# Tool32 Question



## dee_0005 (Jul 28, 2016)

Hello,

I am trying to make an NBT EVO into virgin unit but keep getting the error ECU request out of range from tool32.

I am running the nbtevo.prg file with the job of steuern_routine with the argument STEUERN_PERSISTENZ and in the drop down all inc. SWT

If someone could point me in the right direction or have any ideas of what the error could be, it would be much appreciated.

Thanks in advance


----------



## acoste (Nov 27, 2011)

are you using the correct argument?
there is a table in Tool32 that lists the valid arguments for the actual command.


----------



## Almaretto (Nov 17, 2015)

dee_0005 said:


> Hello,
> 
> I am trying to make an NBT EVO into virgin unit but keep getting the error ECU request out of range from tool32.
> 
> ...


If you are using Windows 10 and it worked before, you might try reinstalling in compatibility mode.
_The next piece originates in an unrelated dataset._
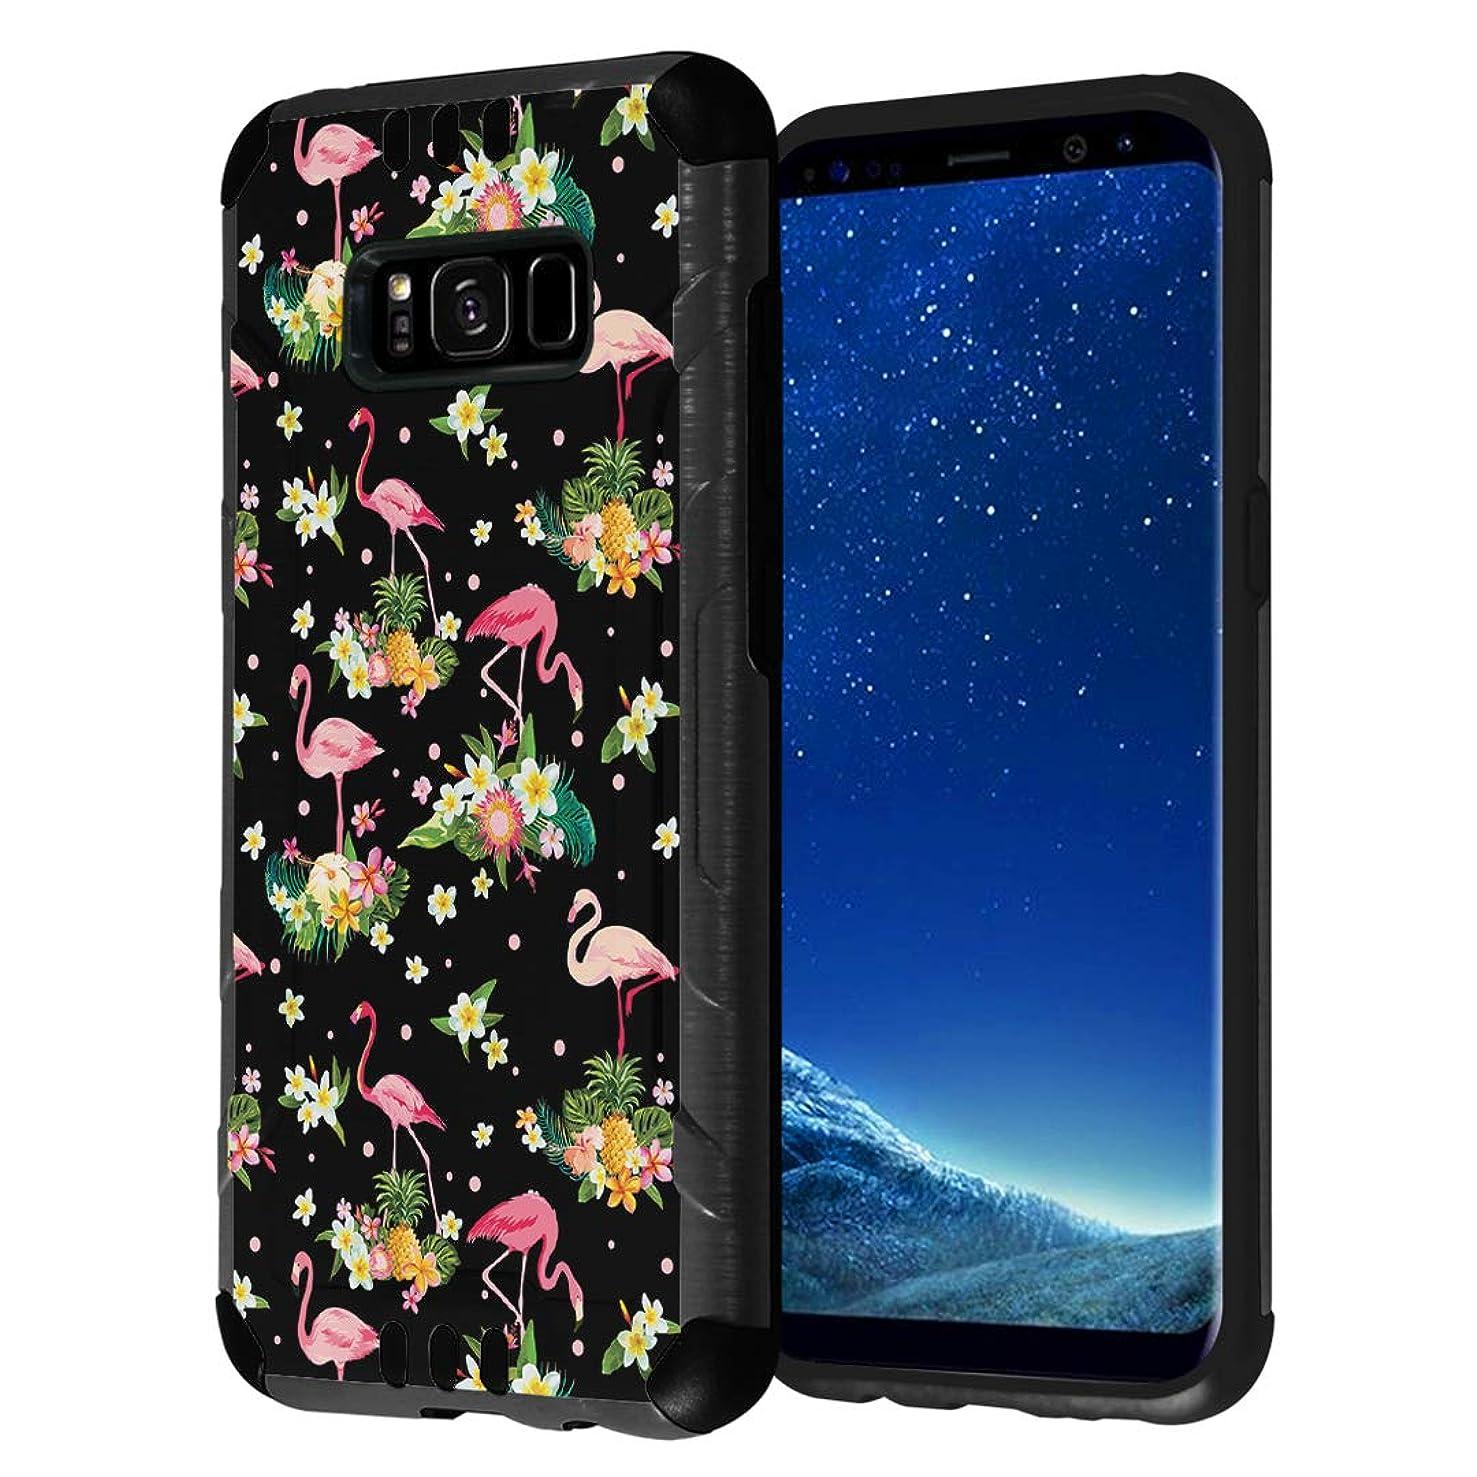 Capsule Case Compatible with Galaxy S8 [Hybrid Fusion Dual Layer Slick Armor Cushion Case Black] for Samsung Galaxy S8 SM-G950 SPHG950 - (Flamingo)

In my case, my INPA and Tool32 were working fine before a few mass updates, including recent anniversary update. I was getting the same error as you. But, after reinstall, I am able to communicate with car again without errors.


----------



## dee_0005 (Jul 28, 2016)

Thank you for the suggestions. I was able to get it figured out I think. It was the psdzdata that was causing the issue. This was the first time I used tool32. When I checked the fsc status in esys it gave me an error about the ecu being null.


----------